# Mad Cow?



## Vol (Jul 5, 2009)

France....

Regards, Mike

http://www.agweb.com/article/suspected-mad-cow-case-could-put-french-beef-exports-at-risk-blmg/


----------



## Tim/South (Dec 12, 2011)

Thanks for sharing Mike.

I hope the test is negative and the cow had something else. The last thing we need is the anti beef crowd getting on the soap box again.


----------



## stack em up (Mar 7, 2013)

I hope for the producers sake it's not BSE. That basically butchered Canada's beef market for a decade, and people still have the "mad cow" engrained into their brains. I already have an image of Dr (?) Oz making his case for not eating beef and housewives across America listening to him, cuz he apparently is infallible. Just like ol' Oprah McChubby did 20 years ago.


----------



## swmnhay (Jun 13, 2008)

stack em up said:


> I hope for the producers sake it's not BSE. That basically butchered Canada's beef market for a decade, and people still have the "mad cow" engrained into their brains. I already have an image of Dr (?) Oz making his case for not eating beef and housewives across America listening to him, cuz he apparently is infallible. Just like ol' Oprah McChubby did 20 years ago.

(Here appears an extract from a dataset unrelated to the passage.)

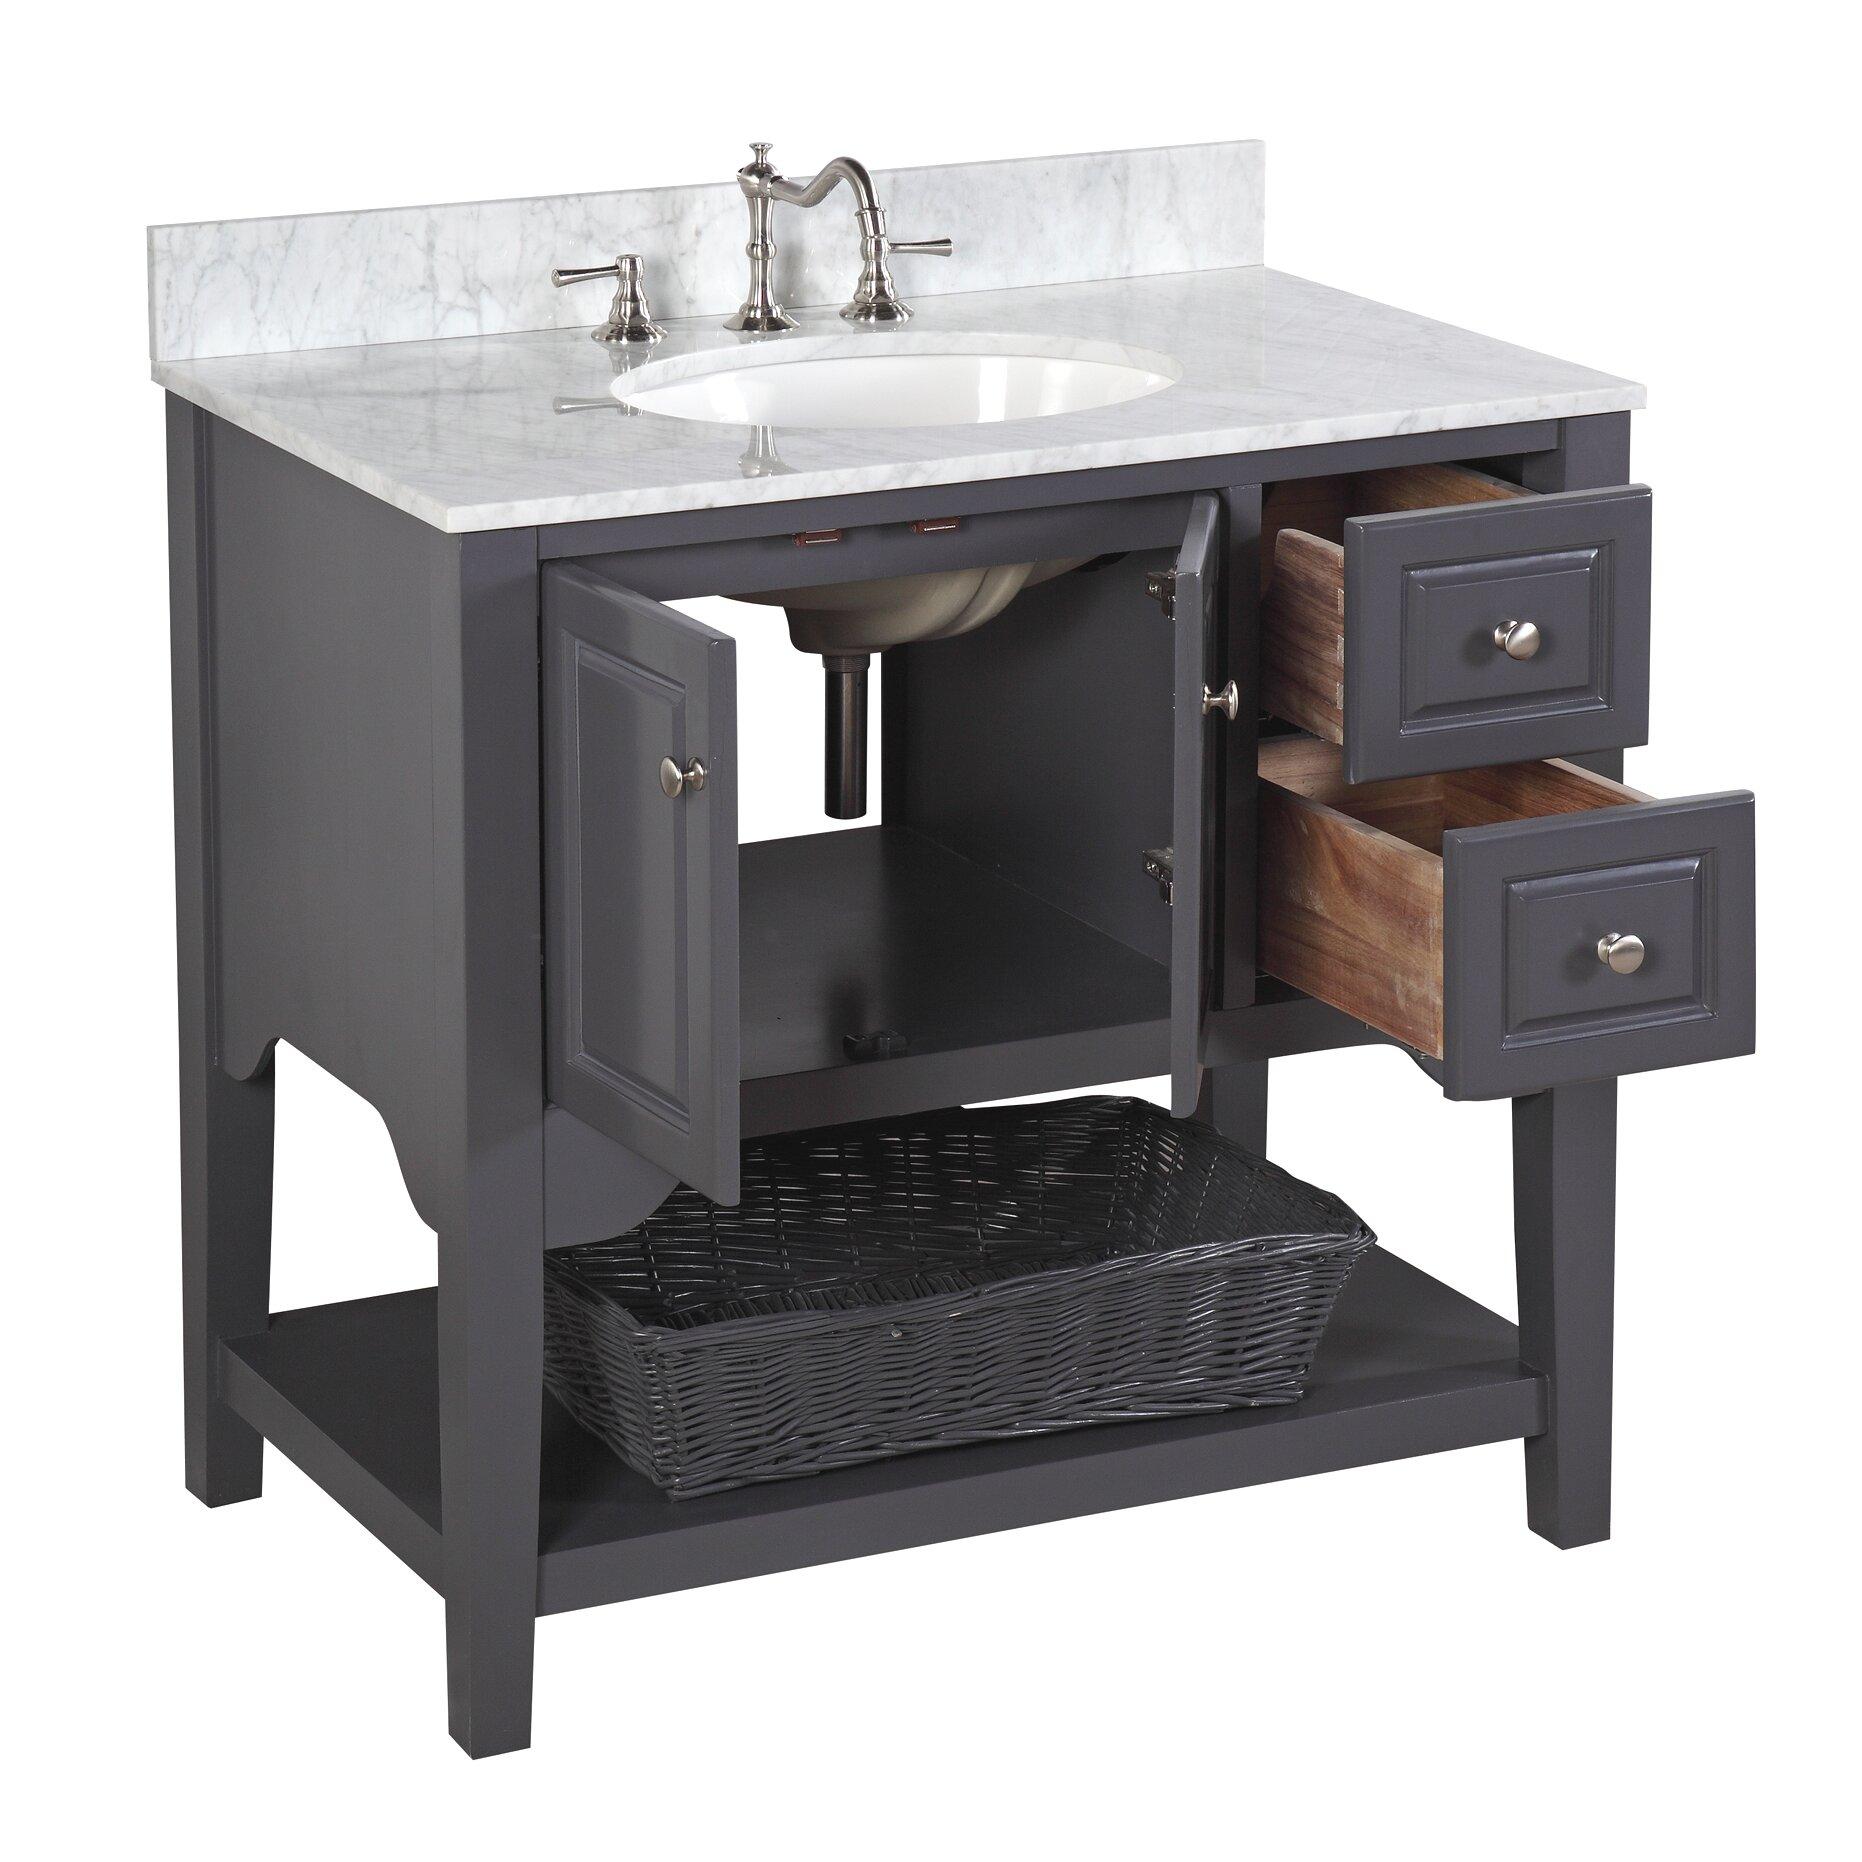 "Kitchen Bathroom Storage Cabinet Floor Stand White Wood: KBC Washington 36"" Single Bathroom Vanity Set & Reviews"

its crazy how much the likes of McChubby and Dr Oz have on the markets.oh you forgot the pink slime fiasco also.


----------



## Swv.farmer (Jan 2, 2016)

Yea people put to much faith in the famous. If people would do more of their own thinking the world would be a better place.


----------



## deadmoose (Oct 30, 2011)

Swv.farmer said:


> Yea people put to much faith in the famous. If people would do more of their own thinking the world would be a better place.


Think about that for a second... They are stupid enough to listen to the likes of Ofra, PBO, and whatever actor or athlete of the day says.

Not so sure them thinking for themselves is a good idea for any of us. You can't fix stupid.


----------



## Swv.farmer (Jan 2, 2016)

Lol you said it all.


----------